Phytoremediation and bioaugmentation are among the in situ biological methods used for this purpose, which have proved to be cost-effective and environmentally friendly . Phytoremediation is the process of applying plants for removing contaminants from the soil, surface and ground waters, which has been developed during the past decade [8–10]. In this process, organic pollutants, that have been introduced into the soil, can be absorbed by plants and transferred or stored in a non-toxic forms. In addition, increased microbial population, and in turn increased microbial activity, in the rhizosphere can degrade organic pollutants by providing source of nitrogen and carbon through root exudates and sloughing cells . Furthermore, plants modify the soil structure and increase its aeration and humidity. The roots’ exudates contain oxidative enzymes that can contribute to the degradation of PAHs. In addition, plants can physically transfer organic pollutants into their tissues, where they will mineralize them .

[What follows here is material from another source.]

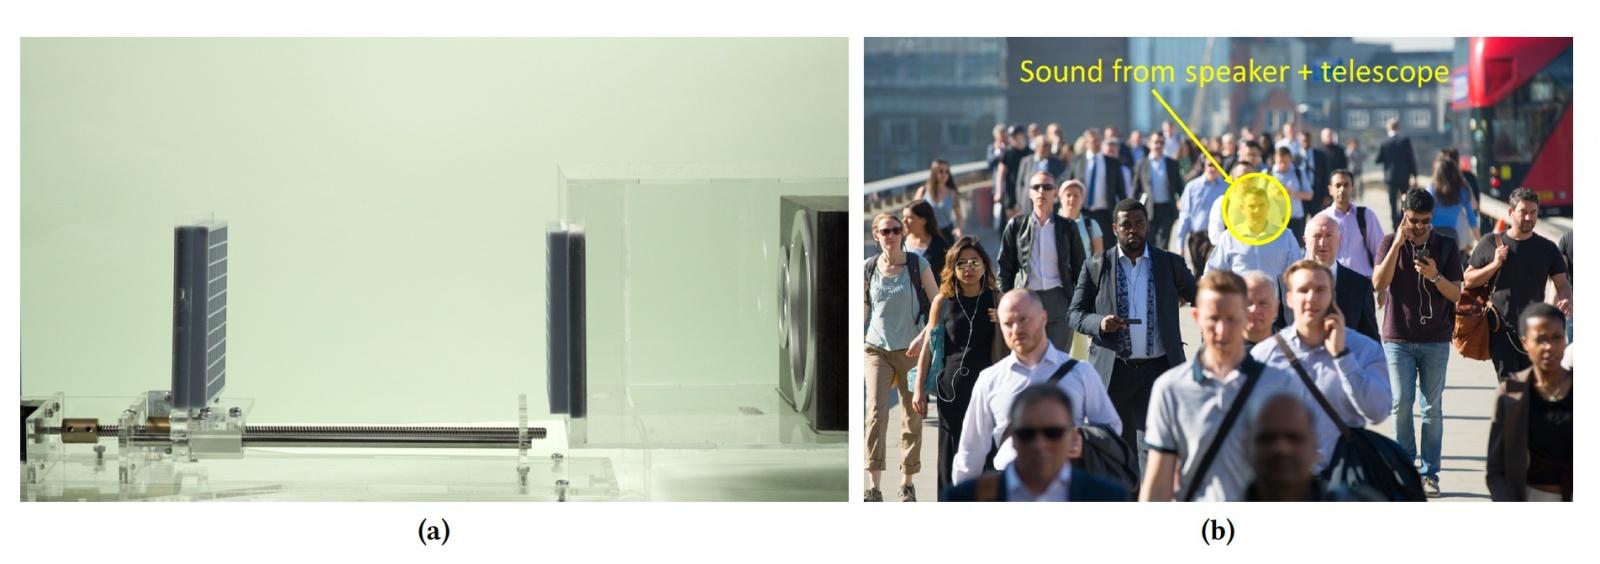 Кастомизация звука: «линзы» из метаматериала для контроля звукового поля - 9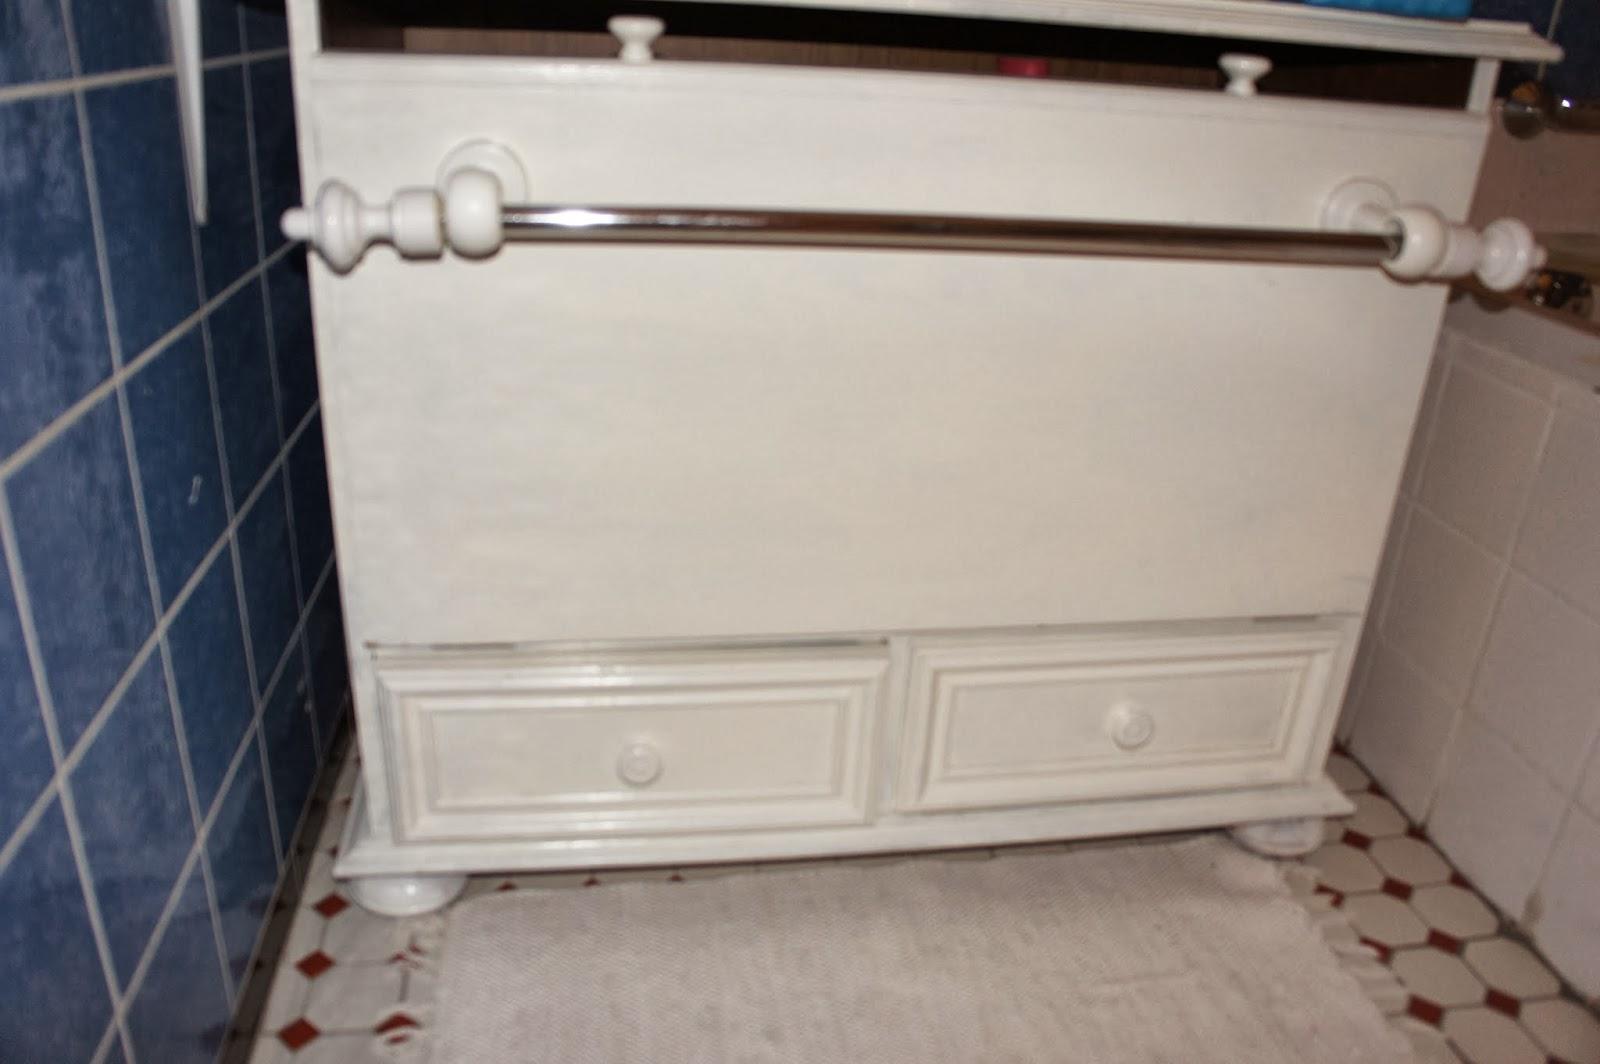 quiltarticle design brigitte brenda dezember 2013. Black Bedroom Furniture Sets. Home Design Ideas

A number of points should be taken into consideration when using phytoremediation for the removal of PAHs. Firstly, native plants of the target area must be used to ensure that they can tolerate the area’s soil as well as weather conditions. They should also need minimum maintenance, such as the need for fertilizers, to decrease the costs. In addition, they should be able to grow in soils with limited nutrients. Previous research has suggested that legumes are preferable, due mainly to their ability in nitrogen fixation. Finally, the applied plants should have maximum root surface area .
The two plant types used in the present study were: 1) one type of Poaceae (i.e. Sorghum) and 2) one type of legumes (i.e. Onobrychis sativa). The former was selected due primarily to its ability to tolerate severe weather conditions such as drought, extensive root surface, and ability to tolerate pollutants, which the latter was chosen because it’s been native to Iran, especially in central and southern grows abundantly in Rangeland. Onobrychis sativa can also prevent soil erosion and grows in nutrient-poor soils which have not been used in phytoremediation. Moreover, its ability in nitrogen fixation and little need for fertilizers and maintenance in general has made more consideration to enhance the phytoremediation efficiency [13, 14].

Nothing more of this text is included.